Clayton Cramer writes on the Russian-Chechen situation:
I do not intend to make excuses for what Amnesty International calls: widespread and credible reports that Russian forces have been responsible for violations of international human rights and humanitarian law, including “disappearances”, extrajudicial executions and torture, including rape.But these actions by the Russian government in no way excuse attacks on non-combatants or taking hostages. Chechnyan terrorism has completely destroyed any sympathy that I had for their cause. If you want to portray yourself as heroic freedom fighters, you attack legitimate targets: combatants or political leaders, not children; you take prisoners, instead of executing them.
It looks to me as though what we are seeing in the Chechnyan terrorism is not victims of Russian abuses responding badly, but an al-Qaeda farm team–a group that does not believe that there are any legitimate restraints on their use of terror.
Mr.
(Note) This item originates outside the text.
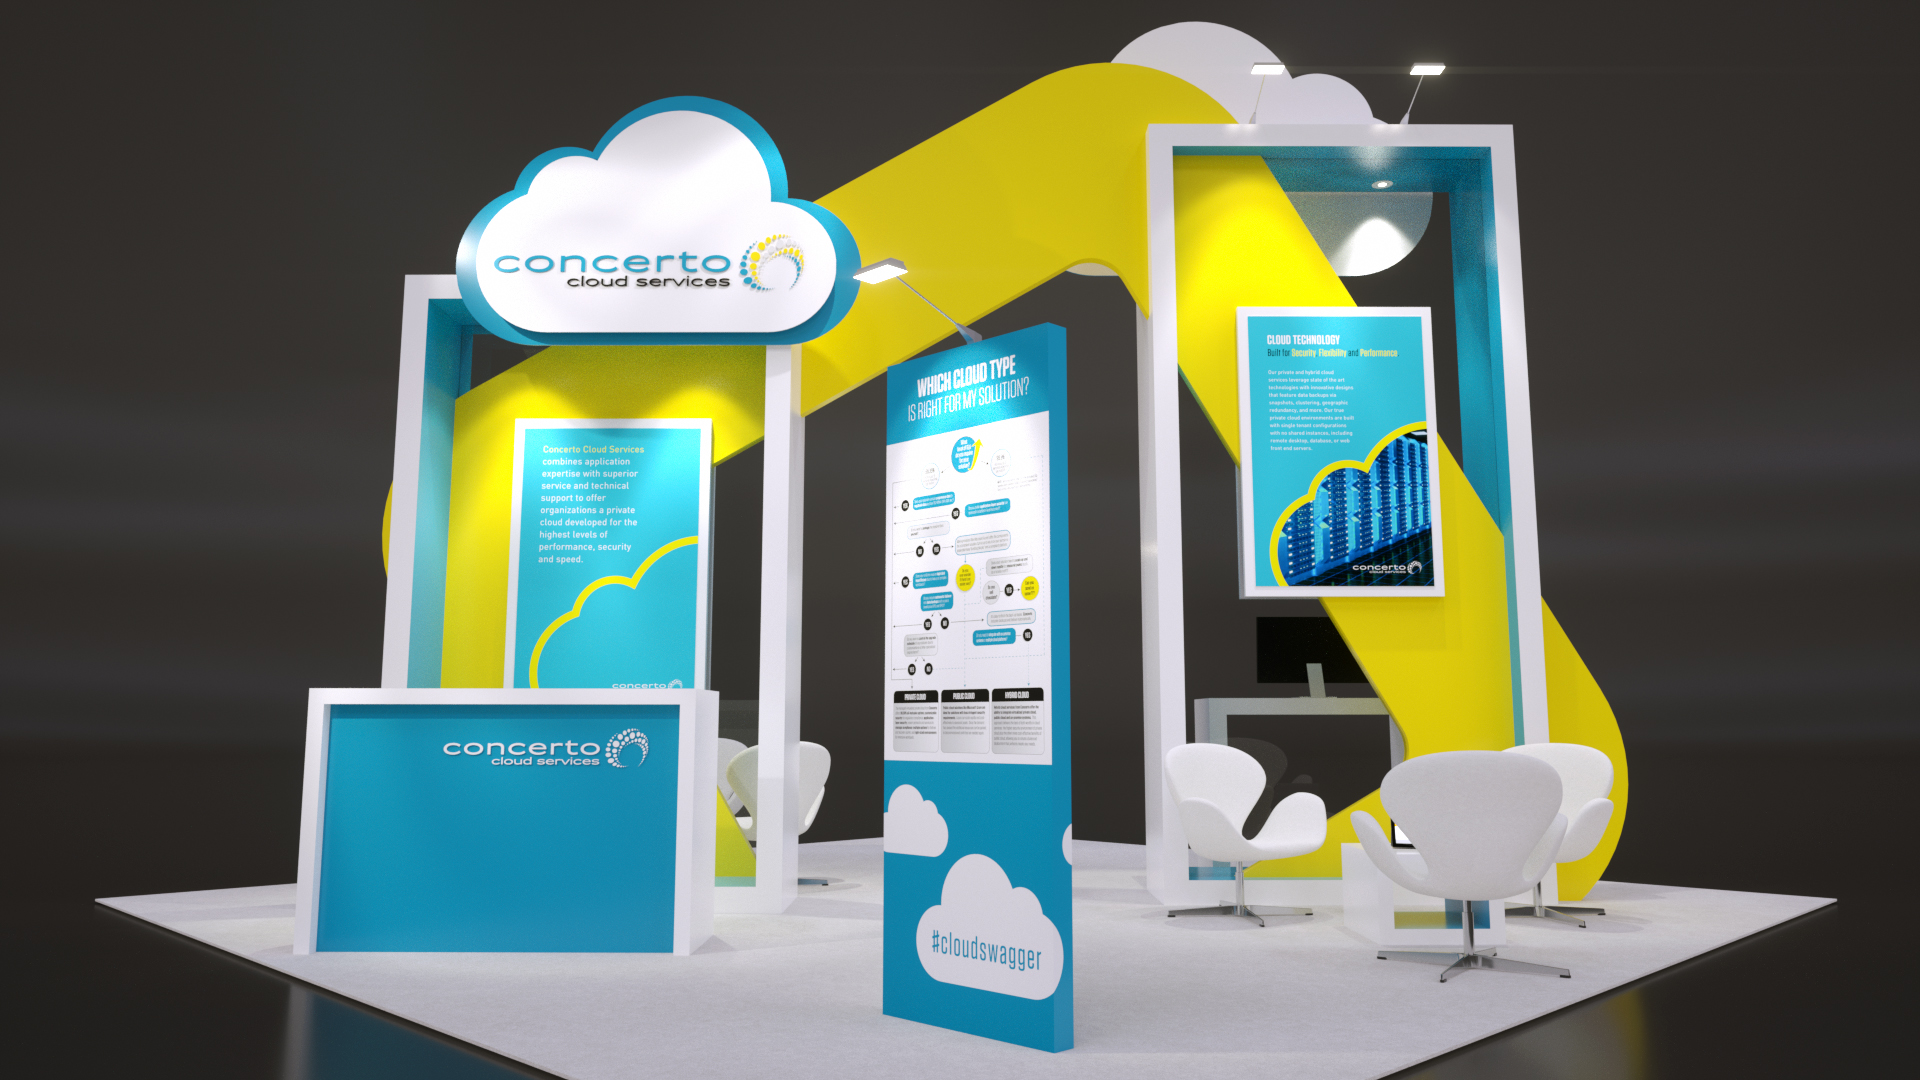 3053 - Concerto Cloud Services - Microsoft Envision 2016 - View 4.jpg

Cramer admits that he knows little about the Chechen situation. Perhaps he, and everyone else who is rightfully horrified by the tragic events unfolding in Russia, would be more understanding – though surely not sympathetic – of the Chechen targeting of non-combatants if he realized that the Russians are estimated to have killed approximately 10 percent of the Chechen population over the course of the war. This targeting of non-combatants on the part of the Chechens is not a new terror tactic, it is a response in kind. The fact that so many Chechen women are involved should tell you all you need to know about the source of their motivation.